脆弱性診断とは、ネットワーク・OS・ミドルウェアやWebアプリケーションなどに悪用できる脆弱性がないかをチェックして、セキュリティの状態を確認することです。

脆弱性とは

脆弱性(ぜいじゃくせい)とは、OSやソフトウェア、ハードウェアにおいて、情報の安全性を脅かす恐れのある欠陥のことを指します。脆弱性診断を実施することでセキュリティの現状を確認し、現状の課題に応じた適切な対策を実施することで、情報漏洩などのリスクを軽減することができるでしょう。

脆弱性診断の目的

脆弱性診断の目的は、脆弱性を悪用された場合に情報漏えいやシステムが使用不能となってしまうなど、意図的、または意図的ではない侵害につながる可能性のある既知の脆弱性の特定・ランク付け・および報告をすることです。発見された脆弱性は種類(カテゴリ)や危険性(重要度)を「共通脆弱性評価システム(CVSS)」というもので評価し、必要な対策を講じます。

ペネトレーションテストとの違い

脆弱性診断と似たセキュリティ診断にペネトレーションテストがありますが、このふたつは行う目的が異なります。

「脆弱性診断」は、システム全体に対して網羅的な検査を行い、サイバー攻撃のきっかけとなる脆弱性(リスク)を発見するものです。一方、「ぺネトレーションテスト」はシステムに実際に侵入し、現実的な攻撃シナリオを用いて問題点を発見・改善することで、サイバー攻撃の予防につなげるものとなります。

下記に目的・調査対象の違いをまとめました。

目的 調査対象
脆弱性診断 ツールなどを用いて既知の脆弱性の特定・ランク付け・および報告を行うことを目的としている。 システム全体に対して実施する。
ペネトレーションテスト 検証対象のシステム構成などに応じた攻撃のシナリオに沿って実施する。特定の脆弱性や問題点を発見することを目的としている。 攻撃者の目的を達成できるかを確認するため、検証内容によって異なる。

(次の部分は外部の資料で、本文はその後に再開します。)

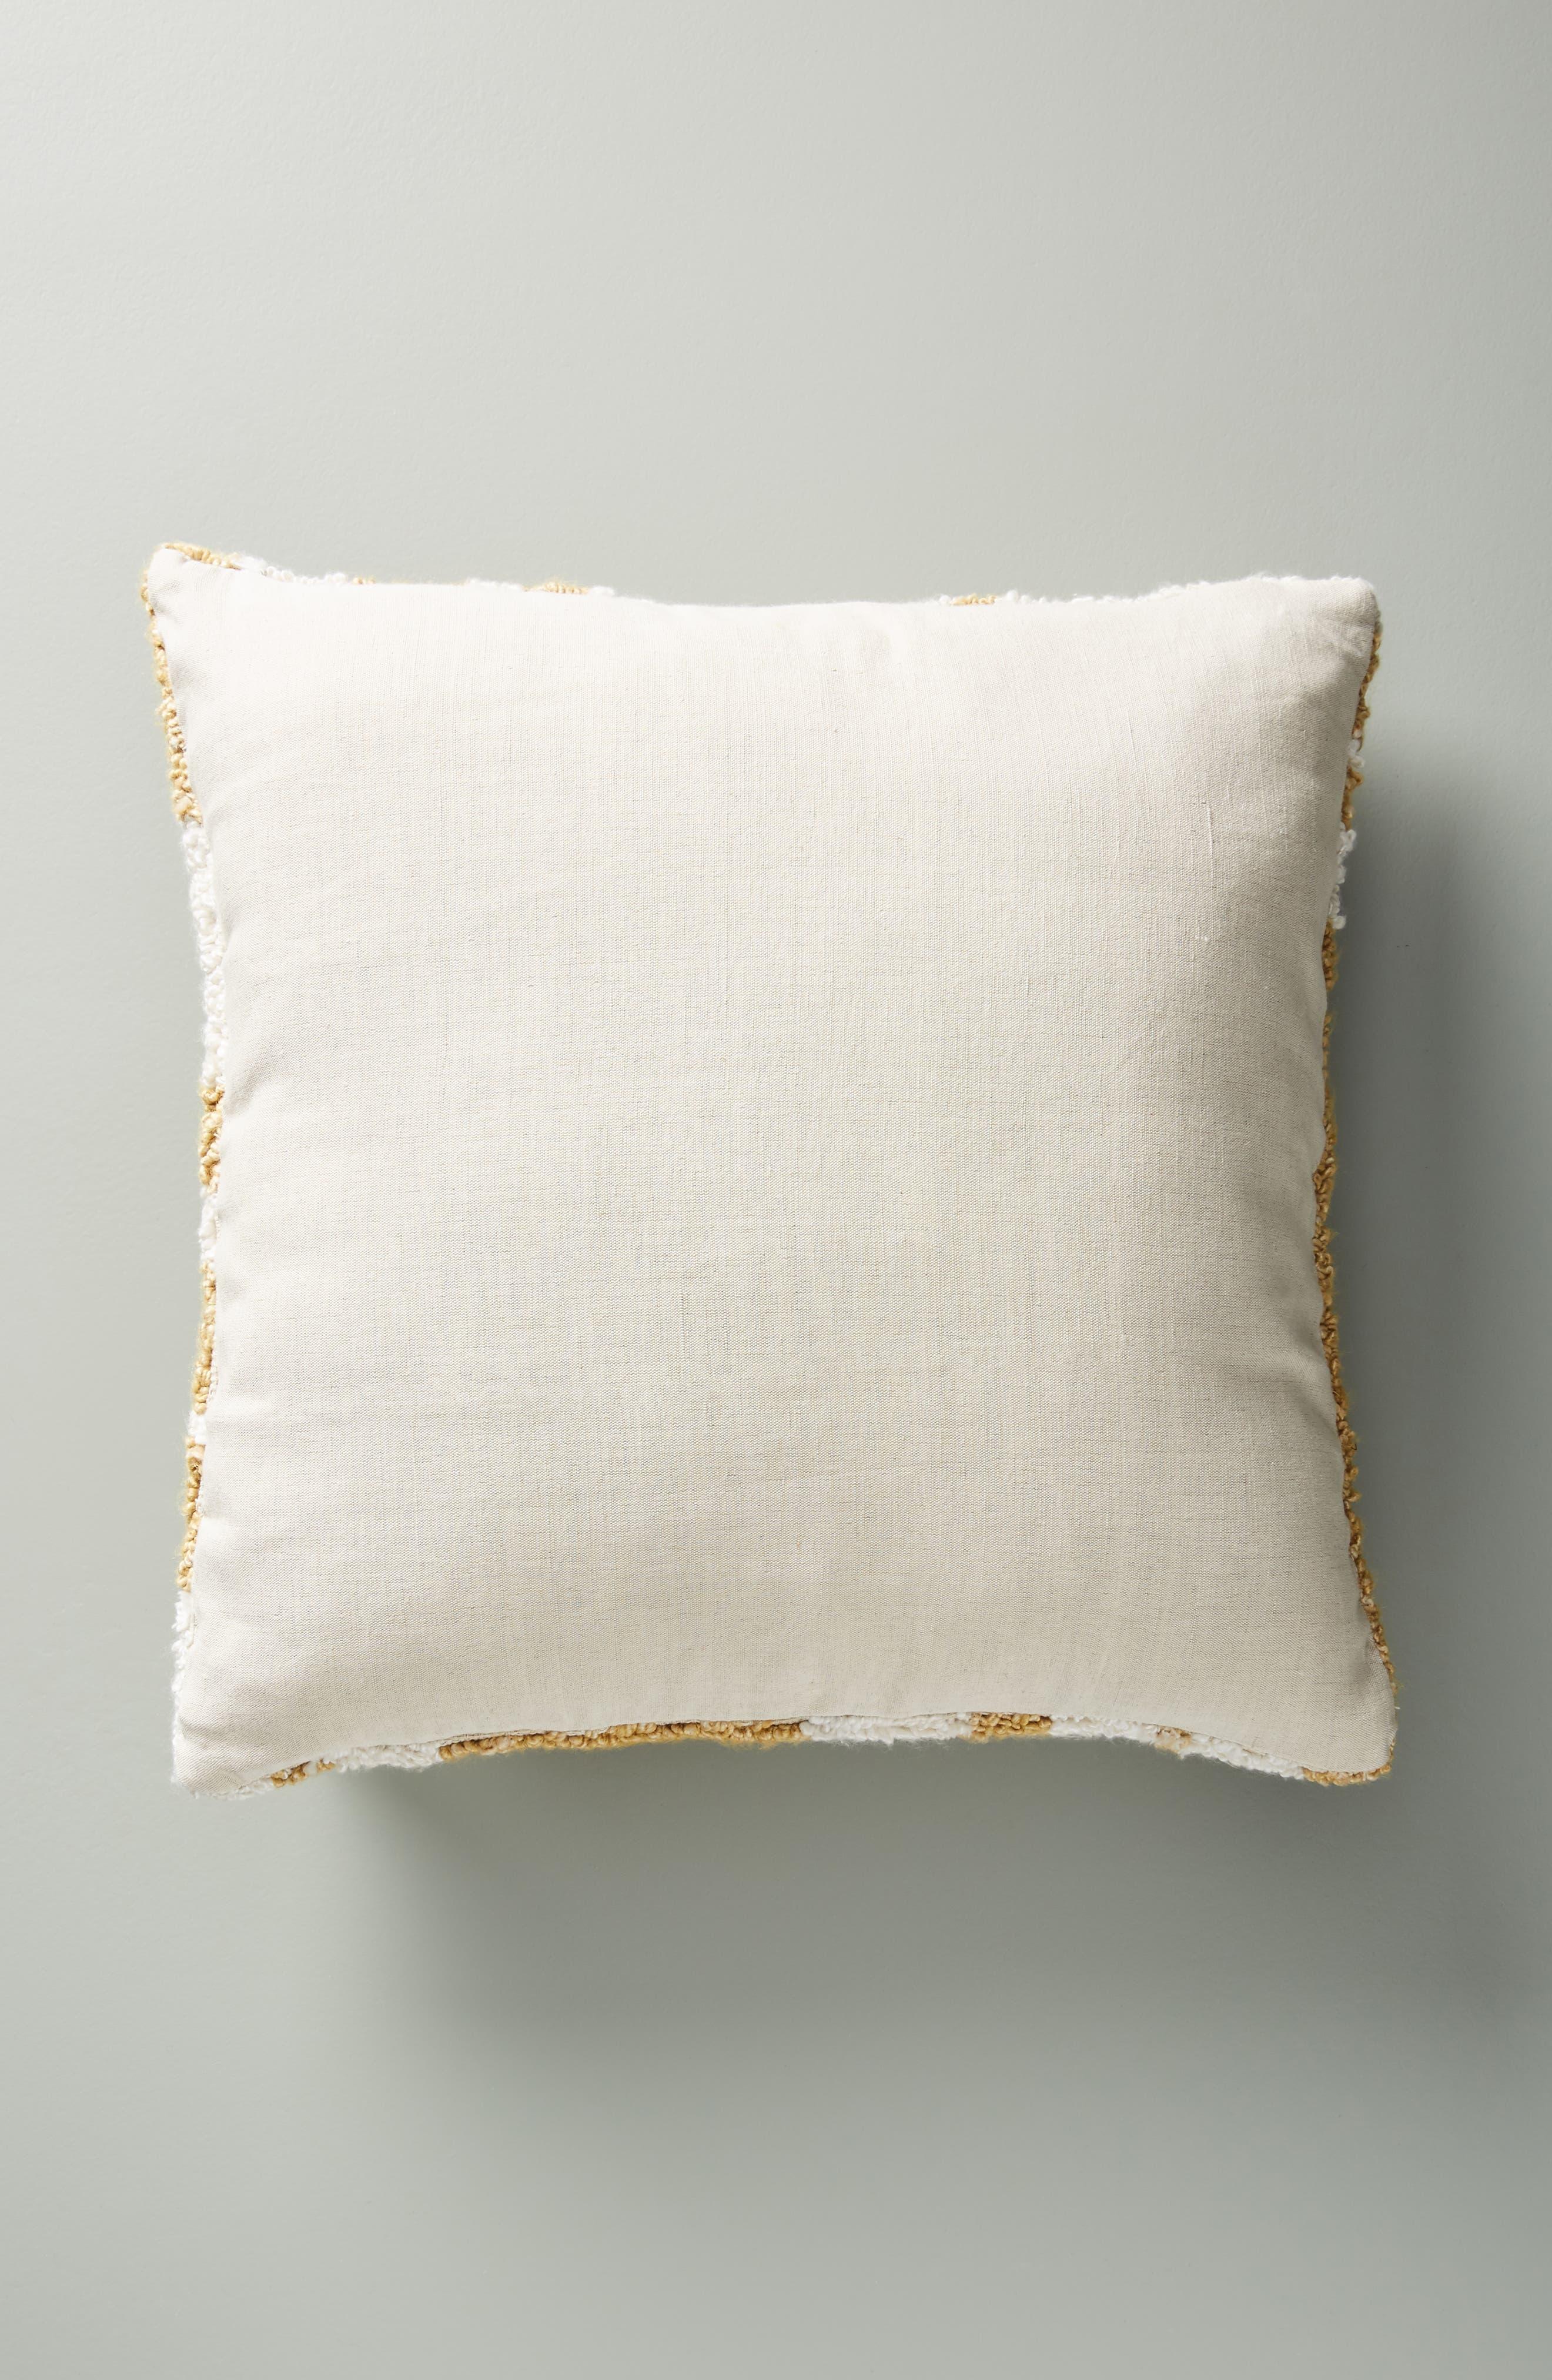 ANTHROPOLOGIE,                             Jordana Accent Pillow,                             Alternate thumbnail 2, color,                             OCHRE

脆弱性診断とペネトレーションテストは双方とも脆弱性などを検出する点では似ていますが、目的と方法が異なります。脆弱性診断ではシステムの不備を網羅的に把握するためにシステム全体に対して実施するのに対し、ペネトレーションテストは実際にサイバー攻撃を受けた際と同様の手法を使い特定の目的を達成できるか確認するために実施するものです。

双方のセキュリティ診断の目的が異なるため、把握したいリスクの内容によって使い分けて行うことが重要でしょう。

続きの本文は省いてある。